Hispanic Home Ownership Is on the Rise Despite Obstacles
For the third consecutive year in a row, the percentage of Hispanic homeowners rose in 2017, and it still continues to rise. They are the only demographic in the United States that can claim this statement to be true. The Hispanic home ownership rate rose from 0.2% to 46.2% from 2016 to 2017, gaining more than 167,000 new Hispanic homeowners. In 2017, there were 7.4 million Hispanic homeowners in America.
As for the overall home ownership rate in the United States, it increased for the first time in 13 years. In 2016, the rate increased from 63.4% to 63.9% in 2017. The United States gained 1,109,000 homeowners for 2017, while 15% of those were accounted for by Hispanics.

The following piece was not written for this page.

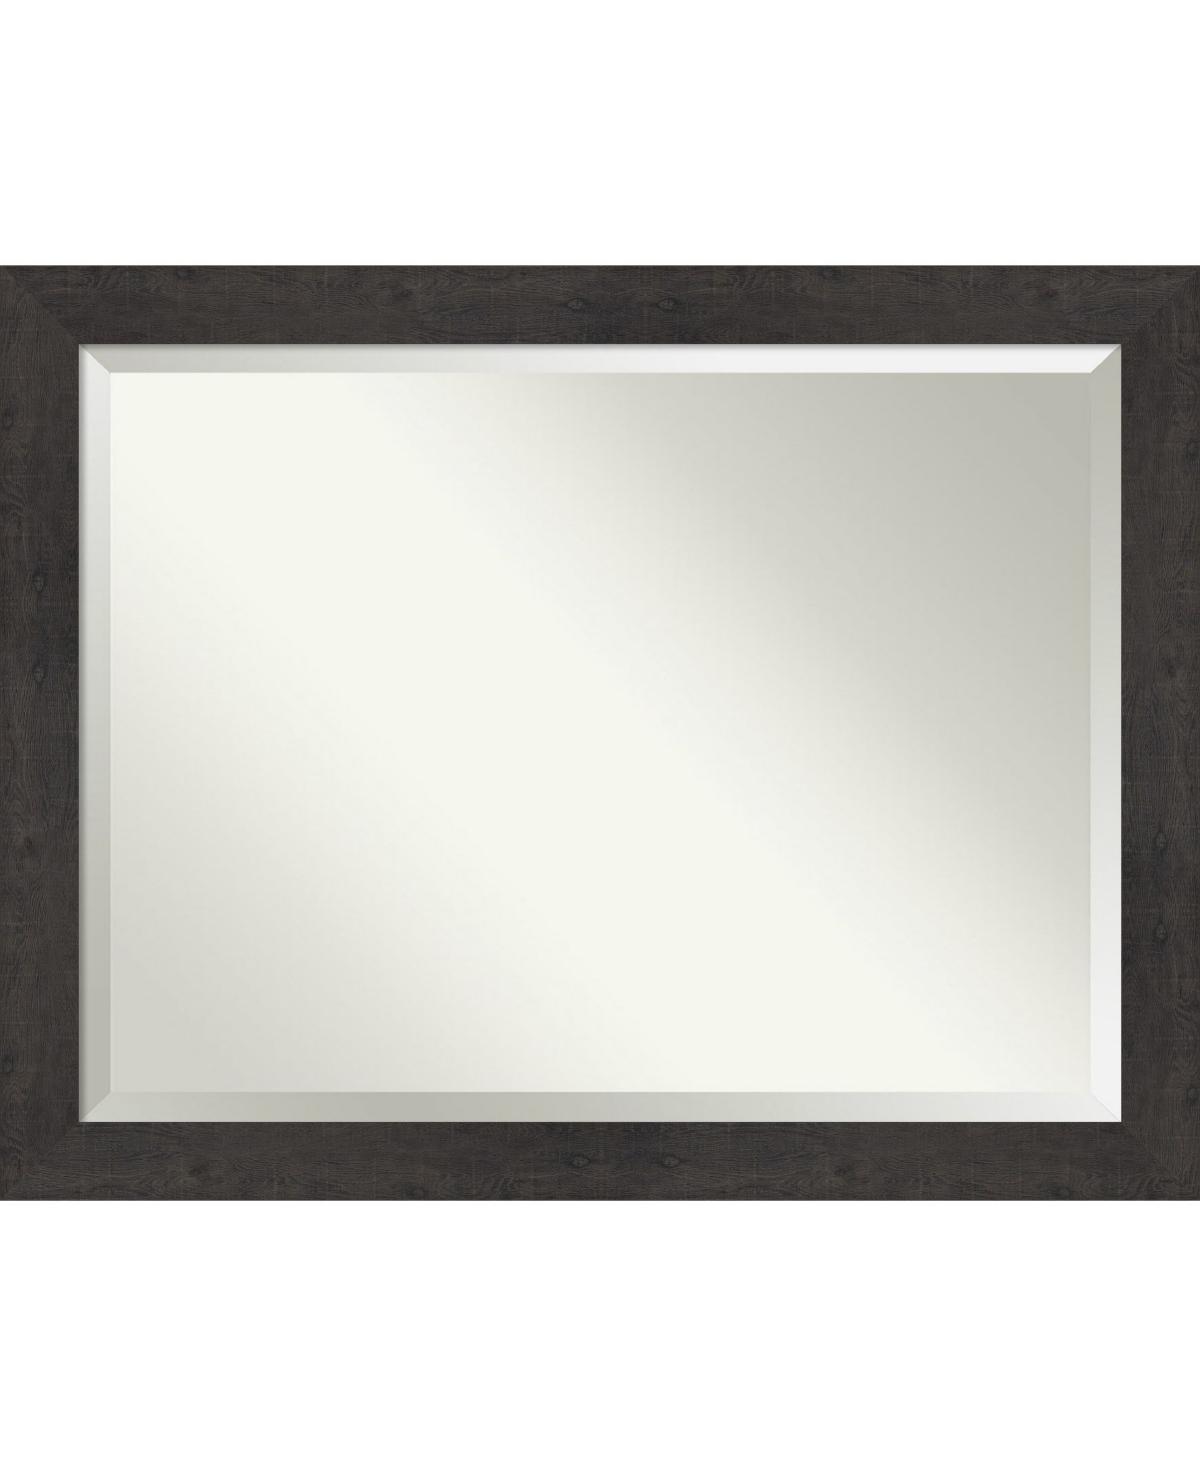 Amanti Art Rustic Plank Framed Bathroom Vanity Wall Mirror, 45.38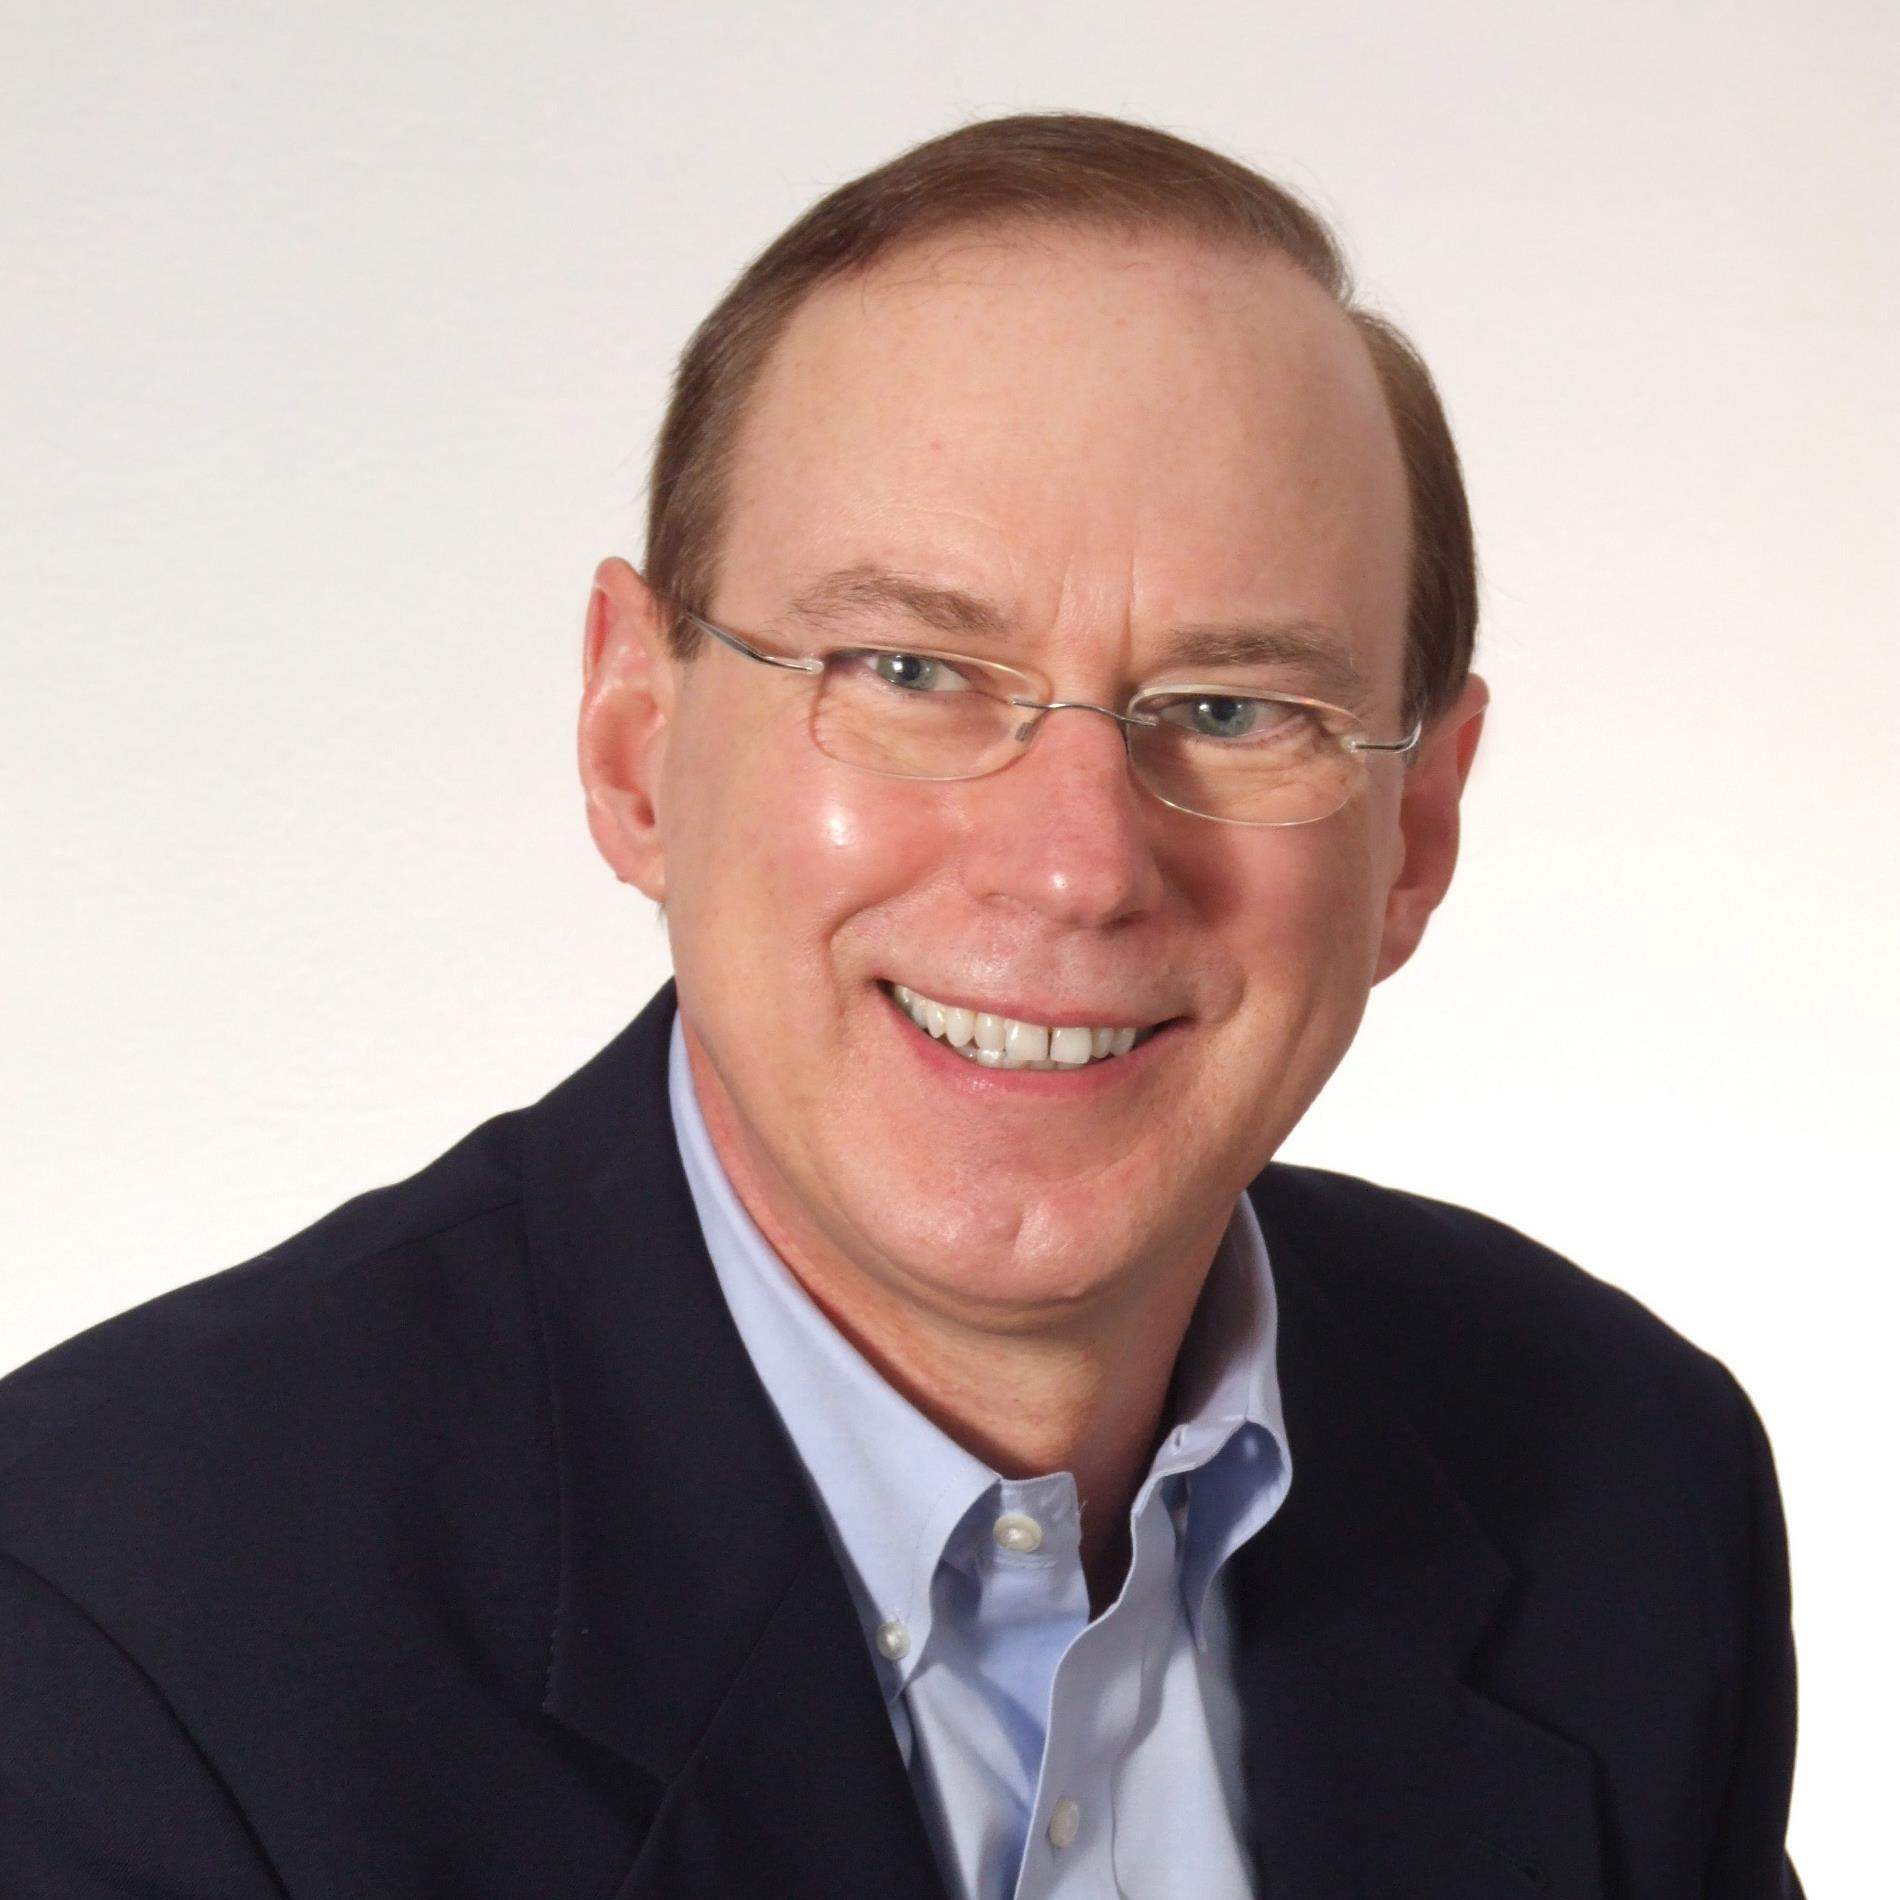 David Hubbard

The Hispanic population is also the fast-growing one in the United States. In 2017, the population grew up 1.1 million, accounting for 51% of for total population growth in the U.S. The population is expected to grow to 119 million by 2060. Along with that, another 6 million Hispanic households are expected to emerge by 2024.
So, what is causing this growth? Well, it’s first important to understand that the growing Hispanic population is concentrated in three states: California, Texas, and Florida. These three states have the fastest-growing home prices with a short supply. California hosts 15.3 million people, Texas has 10.9 million, and Florida is home to 5.1 million Hispanics.
These three states have all recently been hit by natural disasters in 2017. With hurricanes and earthquakes, the states got quite a beating. However, these three states also have a number of Deferred Action for Childhood Arrival (DACA) grantees. Out of the 800,000 DACA recipients in the nation, 25.7% live in California, 14.1% live in Texas, and 5.2% live in Florida.
Living in these states presents challenges for Hispanic homeowners. There are few housing options, as well as many unknowns related to status and unpredictability of storms. Homeowners in Florida, for instance, must know how to handle their homes in a crisis like a hurricane. For example, each gallon of rainwater weighs eight pounds, and overflowing gutters can hold weights in the thousands of pounds. This can destroy a home’s gutter system, causing other problems, in case of a hurricane.
“The continued shortage of affordable housing inventory, coupled with prolonged natural disasters concentrated in the nation’s most populous Latino states and increasing uncertainty over immigration policy, have created significant hurdles for Latino homeownership and economic saliency,” the annual National Association of Hispanic Real Estate Professionals (NAHREP) report states.